Closed joshuajohananorthos closed 1 week ago
Thanks for all the details, I am able to reproduce. This intel specific is quite strange to me. I even tried to use the native decoder from Microsoft Lib here: https://github.com/denisenkom/go-mssqldb/blob/master/uniqueidentifier.go And it's returning same that Sling returns, but with uppercase instead.
Is it possible to check whether SQL Server is running on Intel via a query? If you could find that, that would be useful, I could put a check & logic in sling to have the bytes-reversed (using https://github.com/tentone/mssql-uuid)
For the Parquet missing nulls issue, I'm able to reproduce as well. Looking in the 3rd party lib code base, not able to find how to specify a nullable column. Whatever nil
value passed is converted to ""
.
Taking a closer look: https://github.com/apache/arrow/tree/main/go/parquet
If you want I can see if I can put together something to fix this. I have not written Go before, but I am a developer so I think I could do something.
I would like to approach it like this:
parse_ms_uuid
that way it can be configured without having to auto determine the type.@flarco What do you think?
Thanks for the offer.
For the MSSQL part, that sounds good.
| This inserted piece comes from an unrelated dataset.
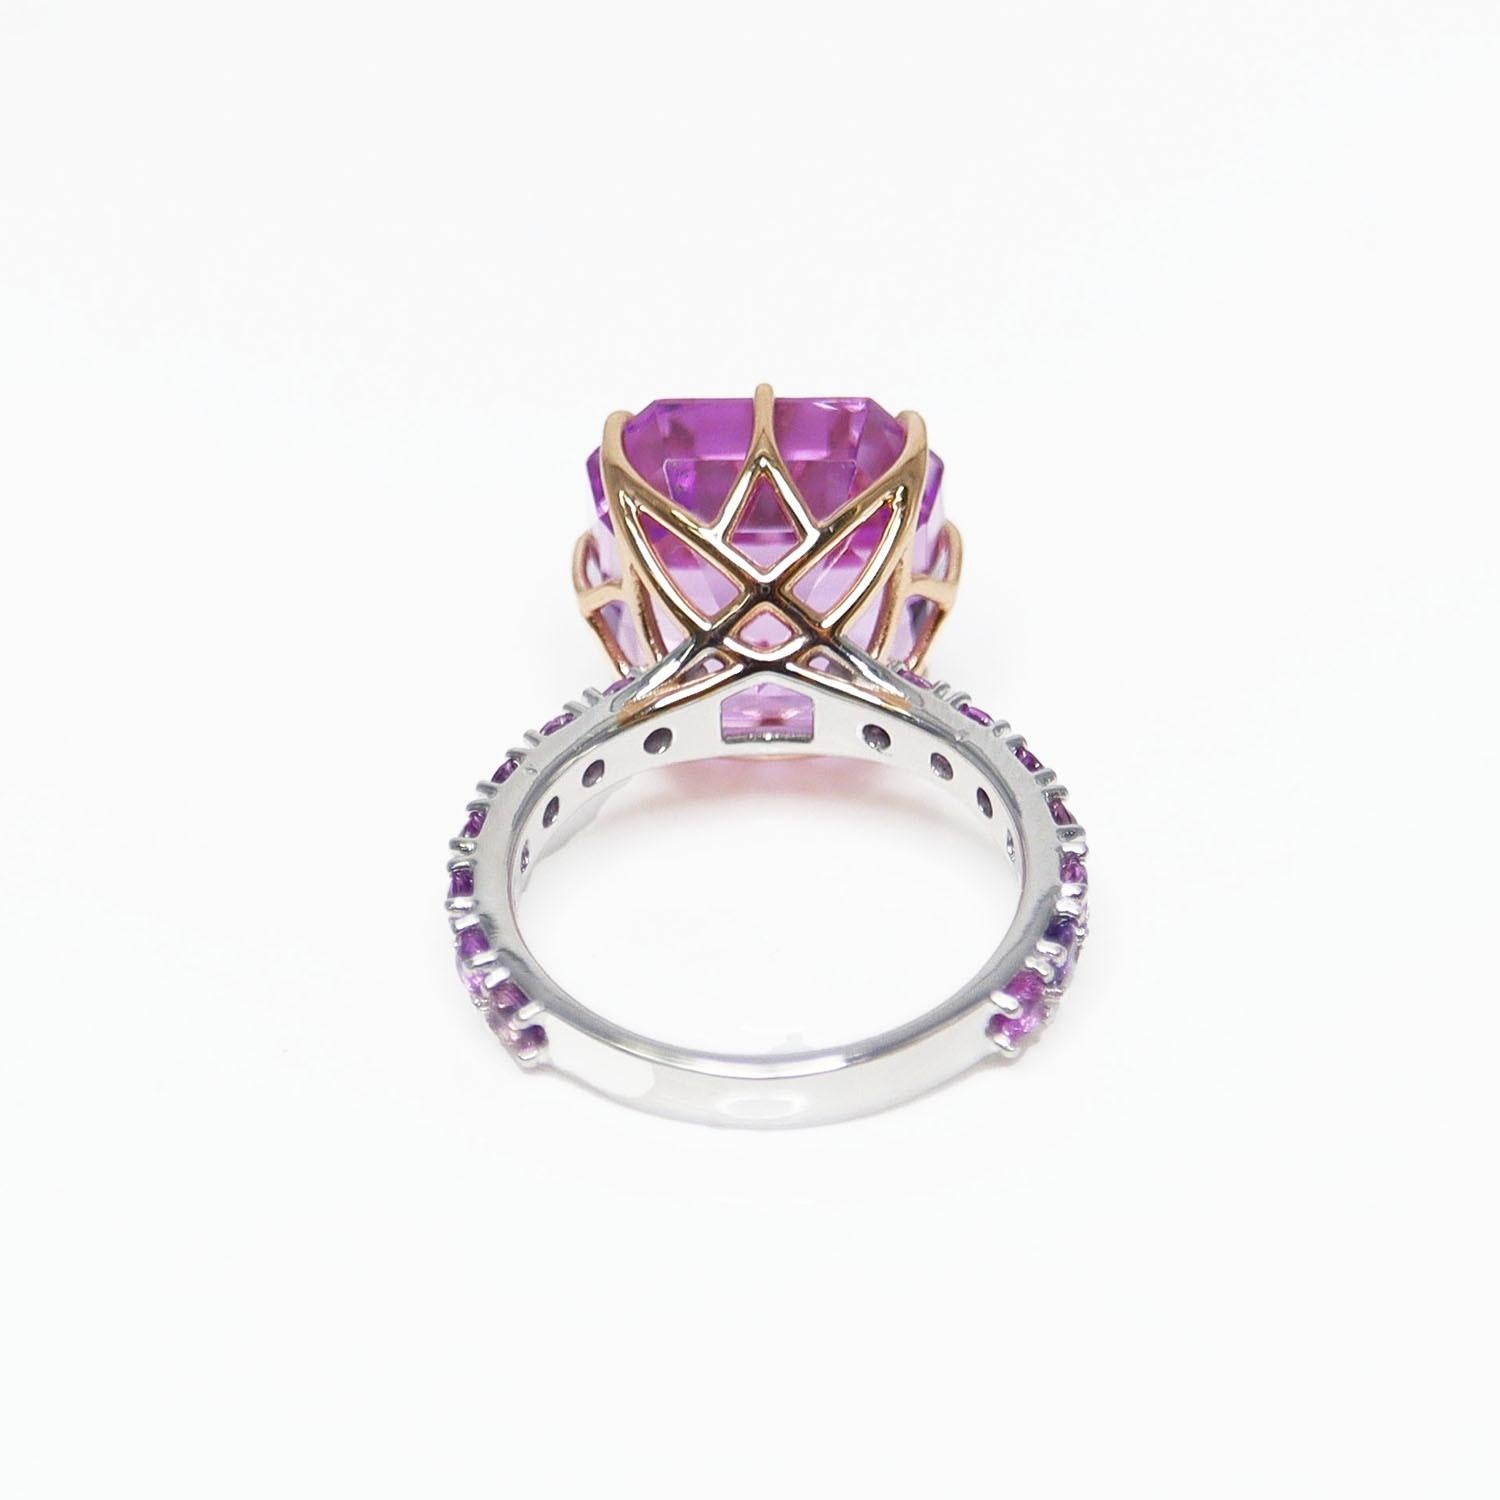 IGI 14K 14.45 Ct Kunzite&Pink Sapphires Antique Art Deco Style Engagement Ring 2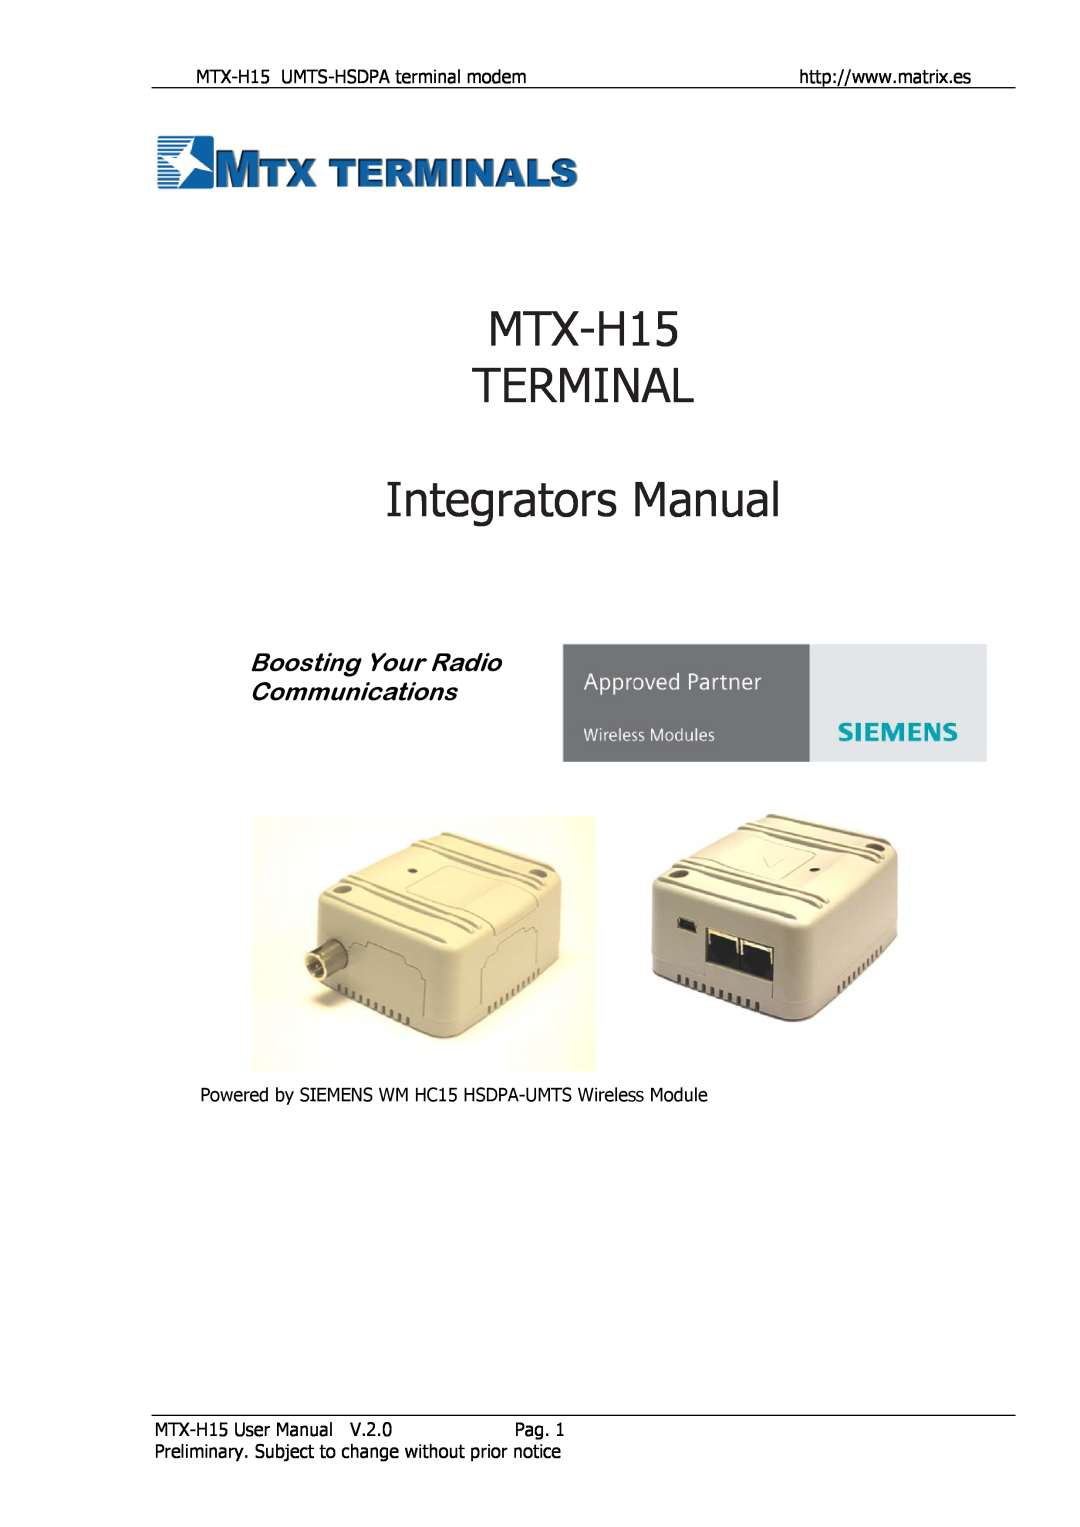 Siemens user manual MTX-H15 TERMINAL Integrators Manual, Boosting Your Radio Communications

Making it optional is the way to go. The link you shared helped with this insight:
The form that sling uses is the portable-binary-GUID format, which can be mapped back to the native form of the GUID via post-processing. And also, need to maintain consistency for existing pipelines. So having an additional transform called parse_ms_uuid
or something, can maintain the native form of the GUID. That will need to be a manually specified transform (and will overwrite the default parse_uuid
transform that runs today).
If you'd like to write a go test / function to do this, that will be great. You can use https://github.com/tentone/mssql-uuid as a starting point and just create a go test.
For The Parquet null part, it seems the way to go would be to use the Arrow format and write it to a file. I was unable to find a way to write nulls, it seems the libs sling use just convert to empty string, not sure why. ChatGPT cooked up this below code to create nulls, I'll need to refactor some to try this.
package main
import (
"fmt"
"log"
"os"
"github.com/apache/arrow/go/v12/parquet/schema"
"github.com/apache/arrow/go/v12/parquet/types"
)
func main() {
// Create a new schema descriptor
fields := []schema.Node{
// Non-nullable field
schema.NewPrimitiveNode("id", types.Int32, schema.FieldRepetitionType_REQUIRED),
// Nullable field
schema.NewPrimitiveNode("name", types.ByteArray, schema.FieldRepetitionType_OPTIONAL),
}
// Create a GroupNode representing a struct
schemaNode, err := schema.NewGroupNode("example_struct", schema.FieldRepetitionType_REQUIRED, fields...)
if err != nil {
log.Fatal(err)
}
// Create a new schema from the GroupNode
schemaDesc := schema.NewSchema(schemaNode)
// Print the schema
fmt.Println(schemaDesc)
// Optionally, write the schema to a Parquet schema file
if err := schemaDesc.WriteFile("schema.parquet"); err != nil {
log.Fatal(err)
}
}
I created a fork and started on this and I had a few questions before I opened a PR.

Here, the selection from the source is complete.